The rate of LVT resolution during treatment is one of the most concerned problems. Previous case studies have demonstrated the efficacy of NOACs in patients with LVT after AMI, and a review of all cases shows the safety of these drugs[22–25]. Based on previous case studies and reviews, Daniel a Jones et al.[17]demonstrated that LVT resolution was quicker in the NOACs group than in the VKA group(1-year 82% vs 64.4%, p = 0.0018). However, in their study, all NOACs were analyzed as a whole, which may be inaccurate to determine the effect of various NOACs on LVT after AMI. In the present study, only rivaroxaban was used as the NOACs. When LVT resolution rates were analyzed throughout the follow-up period, triple therapy with rivaroxaban or VKA was found to have similar resolution rates. Given the long follow-up time of this study, similar LVT resolution between the two groups are understandable. The difference became apparent when we analyzed the resolution of the two groups using different time points, whether at 6, 12, or 18 months, rivaroxaban had higher resolution than VKA, which supports the efficacy of rivaroxaban, as compared with warfarin, was favorable. However, compared with other studies[15–17], the resolution rate of LVT in the triple therapy of VKA in our center seems to be low. When focusing on this, it is found that this may be related to the INR compliance rate in the triple therapy. Among the patients receiving the triple therapy of VKA, 7 patients(22.5%) failed to meet the therapeutic target of INR, which may affect the resolution rate of LVT.
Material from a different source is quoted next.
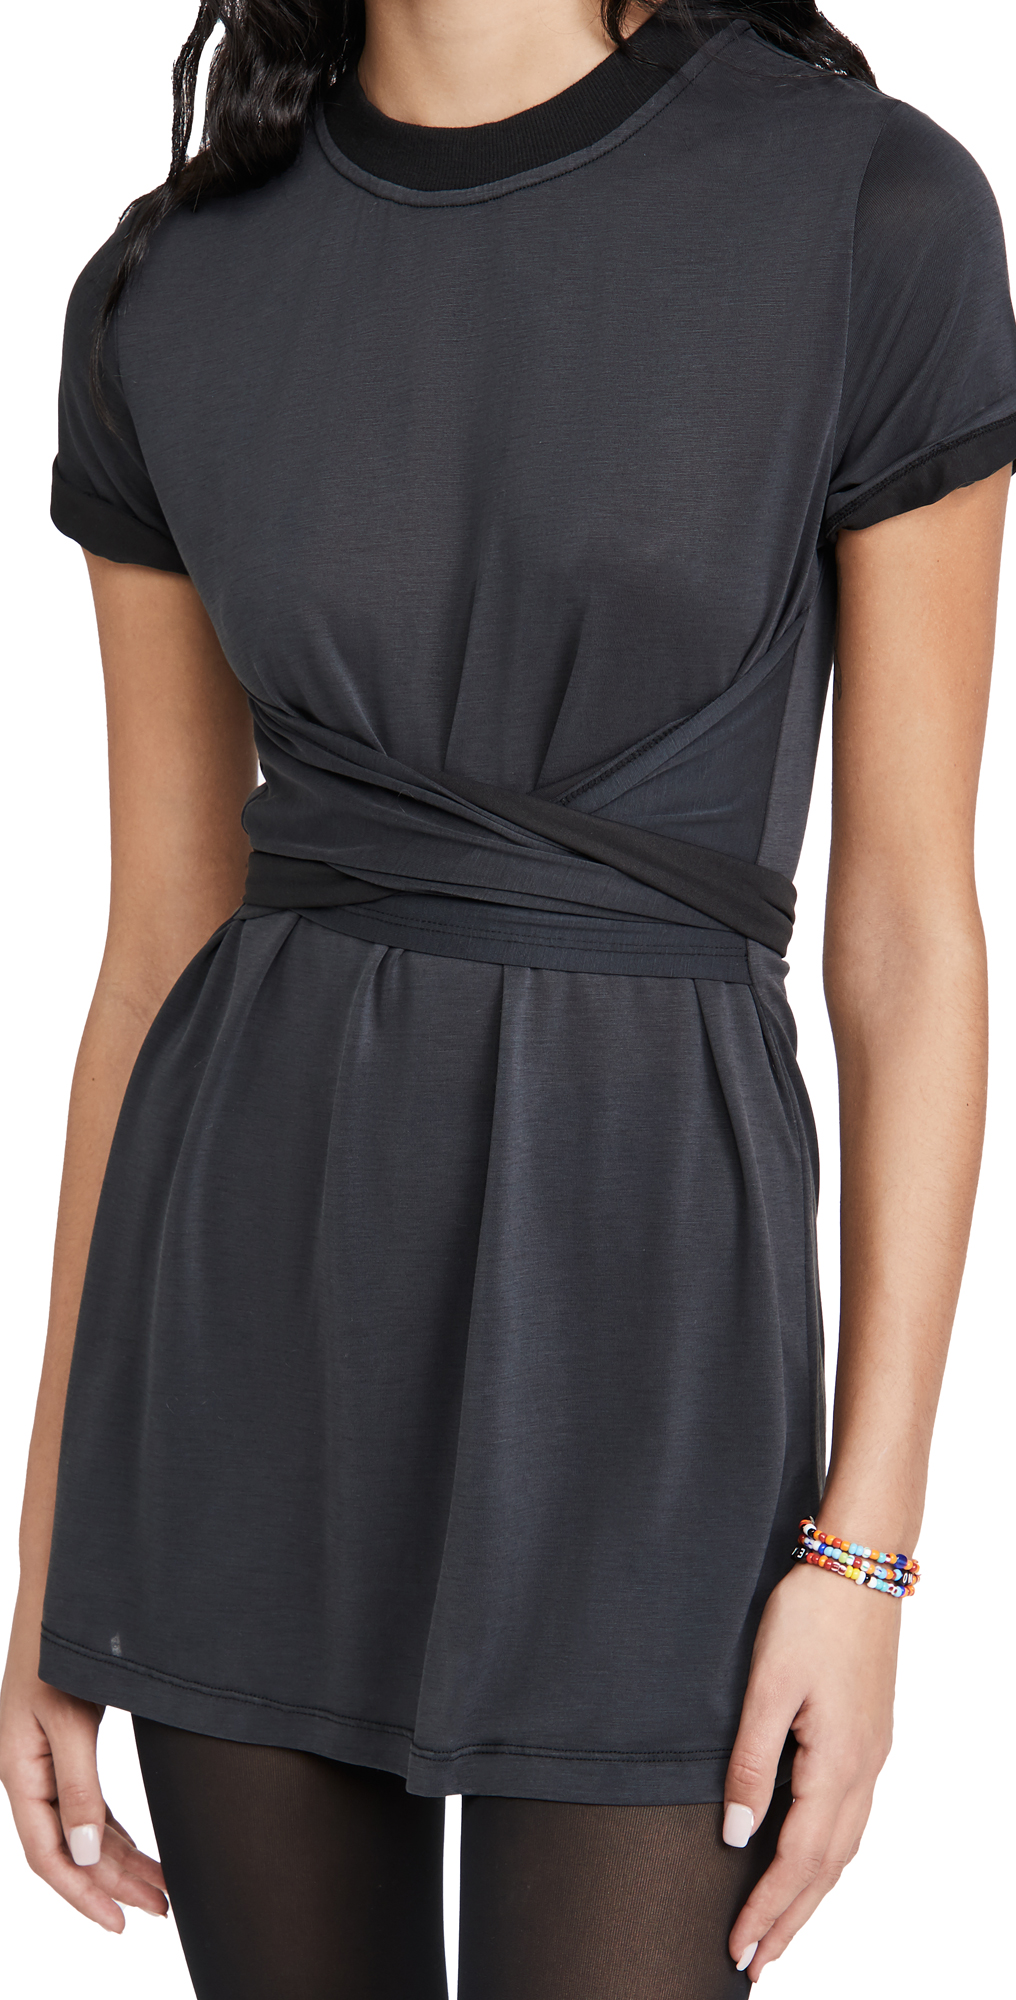 alice + olivia Jasset Roll Cuff Tie Back Dress

The clinical issue associated with LVT is the increased risk of SE, with the prevalence of embolization complications in LVT patients ranging from 10–35%[3,26]. In the present study, the incidence(11.3%) on VKA plus DAPT appears consistent with earlier publications. The incidence(3.3%) on rivaroxaban plus DAPT was lower than previous studies on NOACs[16,17]. The study published by Daniel A Jones et al. [17]showed that in the treatment of LVT, no difference in rates of SE was seen between VKA group and NOACs group in patients with LVT after AMI. However, Austin A. Robinson et al.[16]published an observational study of 514 patients with LVT (all indications) showed the use of NOACs was significantly associated with systemic embolism compared with VKA. There may be several possible reasons for the inconsistent results of these studies:1) The diseases included in the same studies were different, and the treatment after the occurrence of LVT in a certain disease was not analyzed separately. 2) All NOACs were analyzed as a whole, without considering the different mechanisms and pathways of action of NOACs, as well as the differences in efficacy and side effects; 3) There were different antithrombotic treatment regimens in these same studies, some were given triple therapy(anticoagulant + dual antiplatelet therapy,some were given double therapy(anticoagulation + antiplatelet therapy), and some were given only anticoagulant therapy, which may lead to an imprecise assessment of the pros and cons of treatment options.Although these studies reflect some of the advantages and disadvantages of NOACs as a whole in the treatment of LVT, more precise studies are worth continuing. Rivaroxaban was the only NOACs that was focused on in this study. Previous studies have demonstrated the superior performance of the triple therapy given rivaroxaban in reducing cardiovascular events in patients with atrial fibrillation and ACS[19,20,27]. In the present study, in patients with LVT after STEMI, the triple therapy given rivaroxaban also had a lower incidence of SE than the triple therapy given VKA(3.0% vs 12.9%),but it was not statistically significant. This may be related to the relatively small sample size in our study. According to previous studies on rivaroxaban, we tend to think that rivaroxaban has a positive effect on SE in patients with LVT after STEMI, which needs to be confirmed in larger clinical trials.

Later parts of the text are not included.